What to Give Your Children

"There are two lasting bequests we can give our children: one is roots, the other is wings." --Hodding Carter

24
JUL, 2013

Can You Afford to Have Children?

The Economic Policy Institute just released a study that suggests it costs around $50,000 in annual expenses to raise a family of four in the most inexpensive area in the U.S., Marshall County, MS. This is more than twice the amount of the Federal Poverty Benchmark. I tried to use the institute's Family Budget Calculator to calculate my costs with my seven children in Fresno, California. The problem was that the EPI didn't consider families larger than three children. If I had a family of three children, the cost would be approximately $77,000. 

There are two challenges that I see. First, in just one more way, society is structuring a world that is no longer aligned with families greater than two to three children; and second, the cost of raising a family is becoming so prohibitive that the decision to have a family is becoming an economic decision rather than a family decision.  (There's a perverse issue here in who can afford children and who is having children.)

Neither of these is conducive to a society that depends upon family strength to secure its own strength. 

 

For thoughts on having a large family consider Living in the Trenches: Successful Family Strategies from a Father of Nine (Yes, Nine!)

23
JUL, 2013

My Life

I work fourteen hours a day Monday through Friday. I work most of Saturday. I never work Sunday. I sleep on an air mattress in a one bedroom apartment leased by my much younger business partner. I eat peanut butter and jelly sandwiches for lunch or an occasional salad at Taco Bell. For dinner? Chunky Soup. I Skype with my family each night, to read a story, or sing some songs, or tell them I love them. 

Why? 

To get a company off the ground that I believe in and to give authors who care about family a voice beyond their own circle. Why? Because family matters. Society is built upon families and our global society is only as healthy as our families. And yes, my family sacrifices. And, you are right, this situation is not ideal. But we believe in the mission and we see what Familius can become. And so we're willing to pay the price. 
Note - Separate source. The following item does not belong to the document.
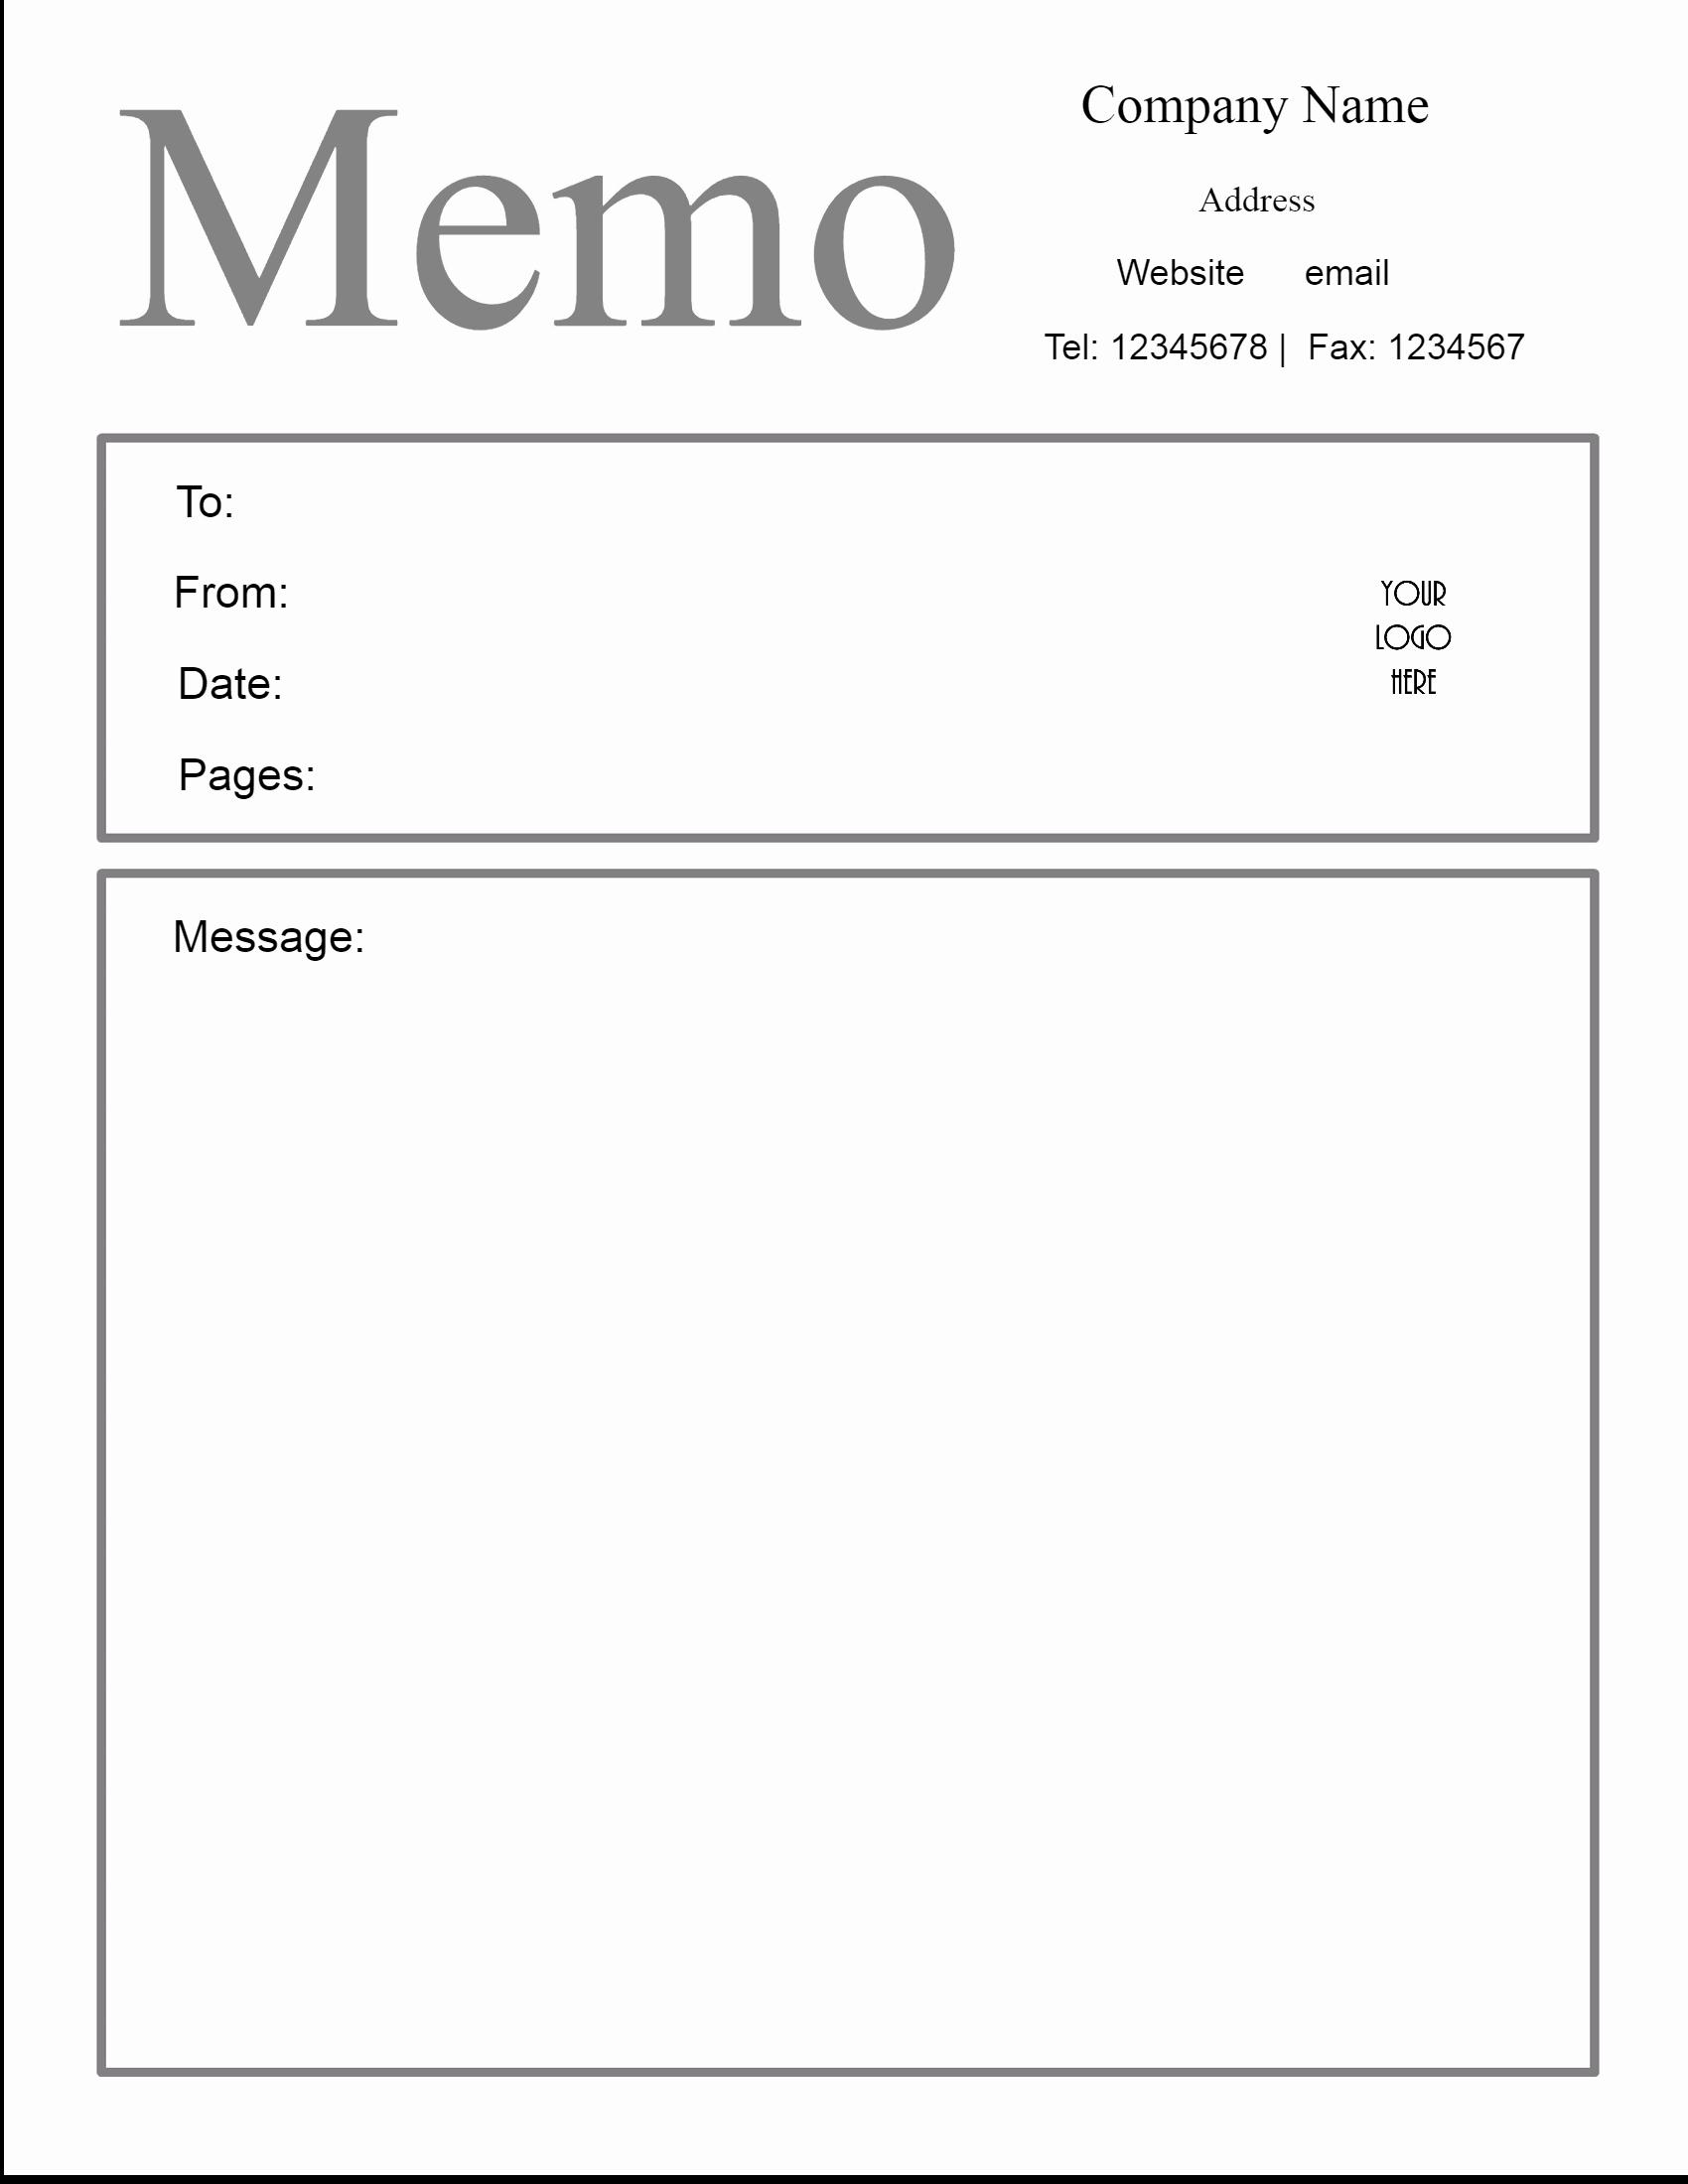 Ms Word Memo Templates Free Beautiful Free Microsoft Word Memo Template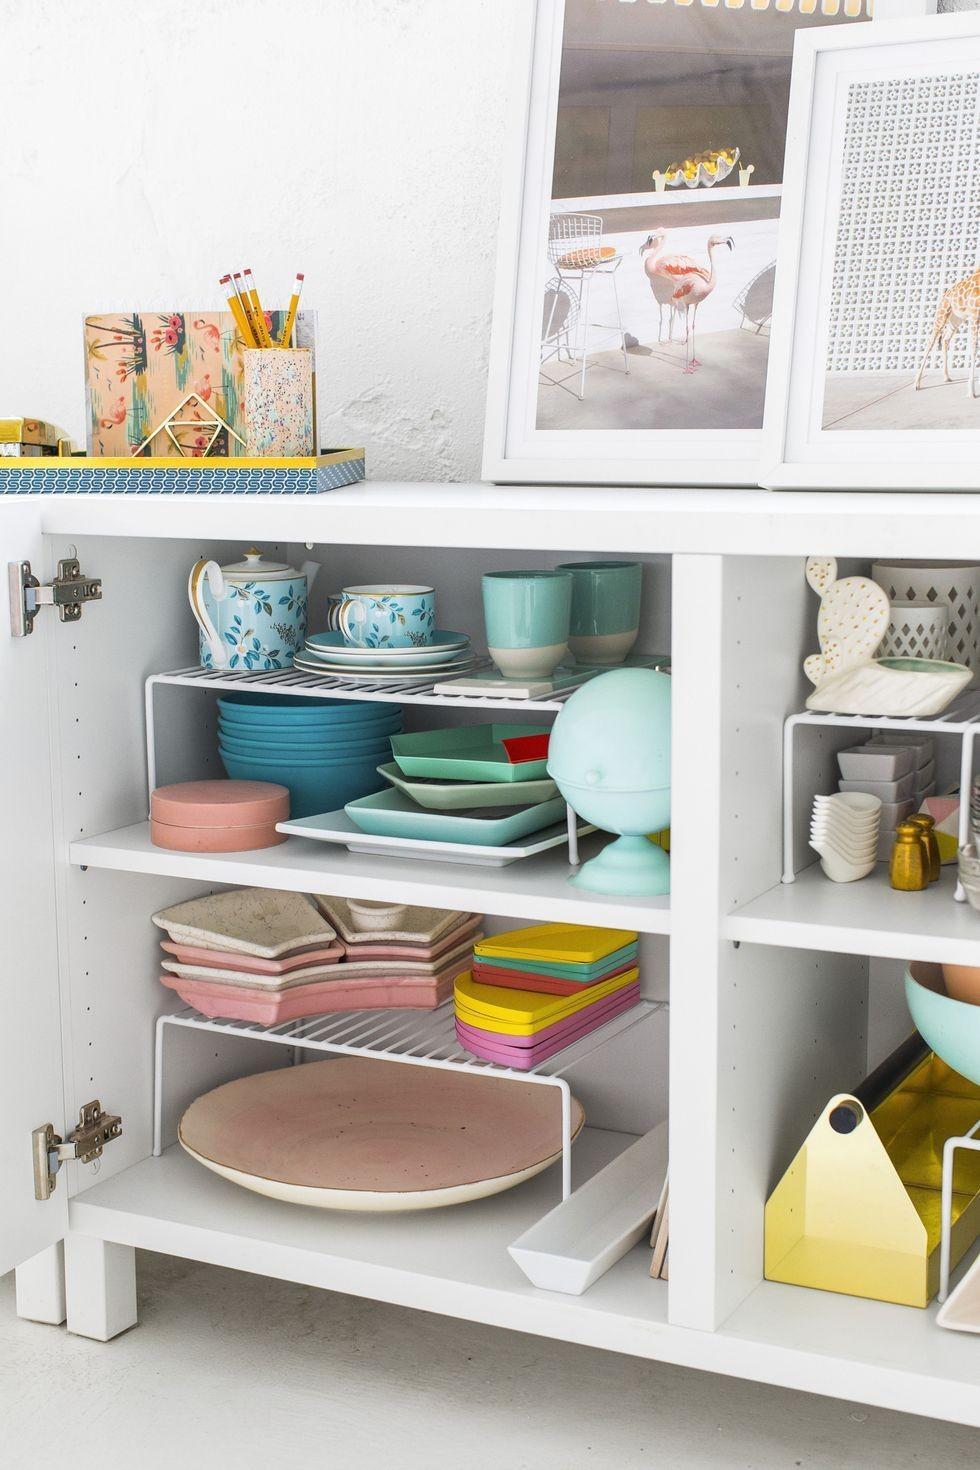 tips menata dapur kecil 2

I hope that soon my family can be with me and we can enjoy PB&Js together. In the meantime, we'll keep working to find the right authors, make the right connections, get the right PR, get the right distribution, get the right customers--so we can help the world one family at a time. 

Thanks for being part of our family. 

 

 

15
JUL, 2013

How to Share

Whenever I would split a piece of pie or cake with my grandfather he'd cut it in two and then pick the larger piece. I would say, "Grandpa, that doesn't seem fair. You both cut and get to choose and always take the bigger piece."

He would nod and between mouthfuls say, "Well, if you had picked first which piece would you have chosen?"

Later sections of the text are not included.